This concept of growing up is harrowing. I pride myself on being a grown up with childlike tendencies. I know when to act like a grown up, most of the time, and I know when to laugh and have fun. But in reality no matter how hard you try you can never avoid growing up. It requires vertical movement of time and the addition of years onto your age. Your stature changes as you mature and click off the next mark on the door jamb with the appropriate date, which proves you have grown an inch since the last measurement. You push your way through the educational system or out of the system and find yourself working or studying at a local university or hanging out with the peeps. But, you're still grown up. As this is a physical manifestation of time, what about the spiritual, mental, conceptual clicking of the secondhand? The growing out part?

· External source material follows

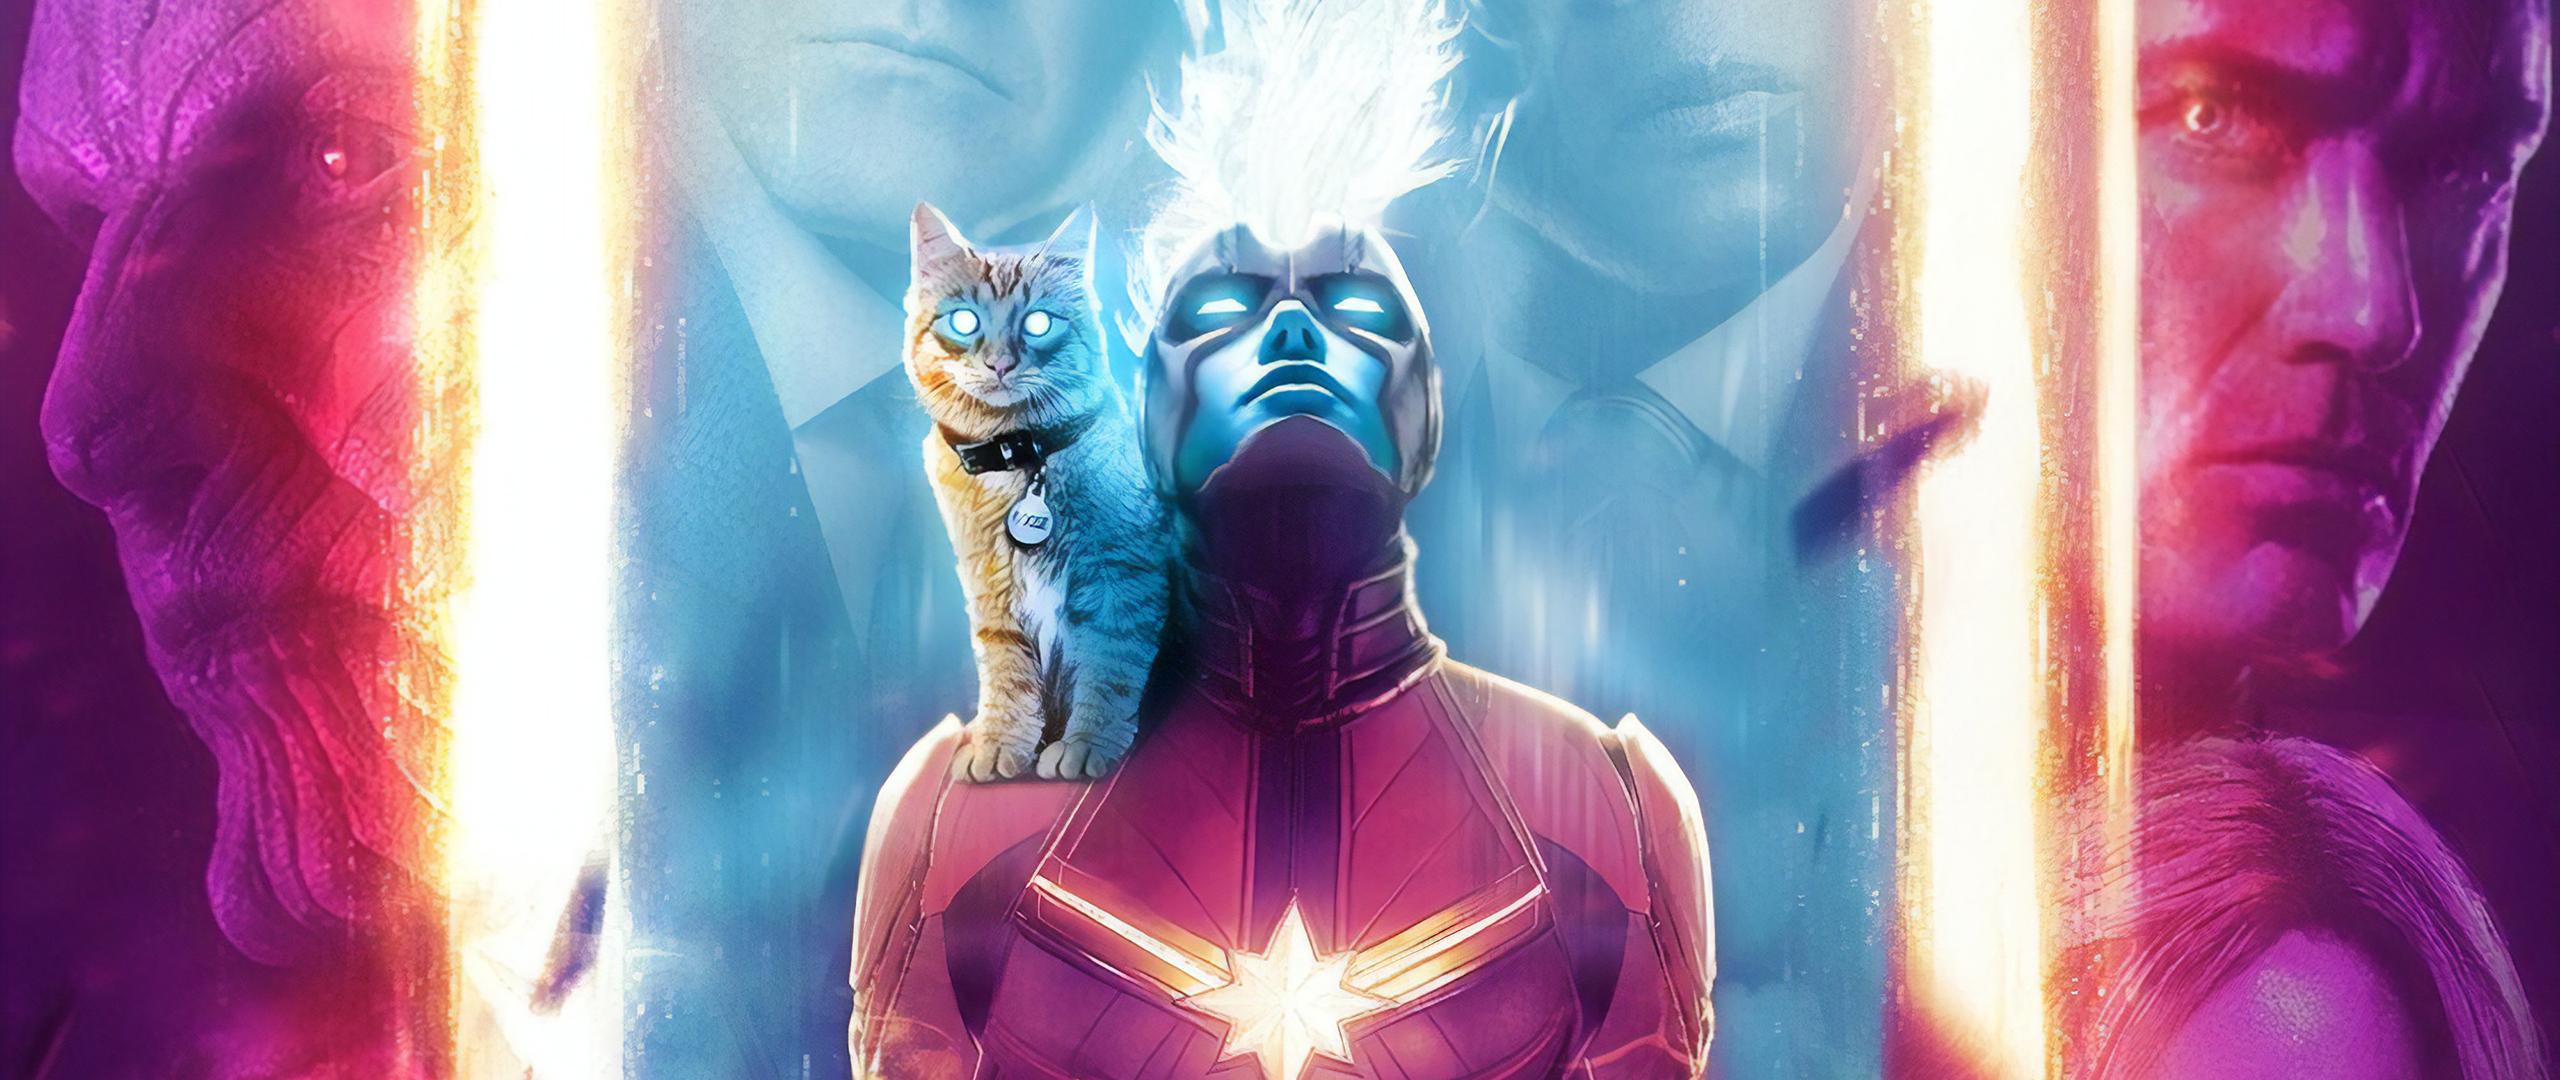 captain-marvel-fanposter-ou.jpg

I've had the privilege and the wonder to see this new vision of growing out in my children. I had never really thought of it that way, but that defines it much better for me. Growing out makes the world a bit bigger. You can grow a tree in the same small pot, but eventually it reaches it's full potential in that small pot and can no longer thrive. It may stay green, but it will start to look weak, stop producing fruit and just become sad. Amazing what a find you can get on the clearance rack at your local garden center because the plant "looks" dead. All it needs is to grow out. You have to replant from your small environment into the one you're meant to thrive. Leaving room for roots to spread and runners to shoot off and start their own plants here and there. Growing out.
John 15:2
He cuts off every branch in me that bears no fruit, while every branch that does bear fruit he prunes so that it will be even more fruitful.
It's this pruning part that brings us out of our infancy into a world full of fruit bearers and growth, reaching for the sun. As I watch my two older boys planting roots far away from me I become an emotional mess. On one hand I wish I were there to check up on them physically and make sure they had what they needed, pick up the slack, cook them a dinner or two. But then the pendulum swings and a sense of wonder fills my heart with being here and watching them grow out. Hearing how they've moved into the direction of growing out. How each has had their own challenges to meet, decide the course, take action and stay in motion. It brings my heart joy knowing that they desire to be in motion. The challenges haven't grown them up too fast, and haven't squelched the desire to move, but have given them the ability to continue to grow out. Reaching for the Son as guidance hopefully will be their goal.
In observance of my offspring, though, I have realized that I am also still growing out. I've lived in the illusion that once my kids were a certain age that I was pretty much an adult myself and that "growing up" or growing out was pretty much a slowed pace, almost a non existence. But no, I digress. This stage in my life of letting go of the parental in-house control and giving them up to the heavenly hosts to look after has been one of trepidation. But growing out with myself and being able to see how God works in their lives is a sweet front row seat ticket! It's that moment where your aren't dependent on your parents emotionally for growing out, but you grow out in spite of their presence. I still grow out with my mom by my side a lot, but not because I'm dependent of her for my growth, but because she likes the view and I like having her there to lean on for support, but not life support.
So, as the scars remain from the pruning I have experienced, they will remain for my children, as well. But the fruit, as a result of the pruning, tastes ever so sweet and is in such abundance that the scars become a "God and me" badge, one to add to my sash of badges. God knows what's best. He knows where you'll thrive the best. He knows how far away you'll be, but he knows we must continue to grow out. And the only way out is choosing to grow out instead of just growing up.
I hope you enjoy the warmth of the sunshine, the quenching rains, the stretching of your limbs as you continue to grow out.
1 comment:
I like that! "growing out"
You have a beautiful way of expressing those hidden gems in life. Right on!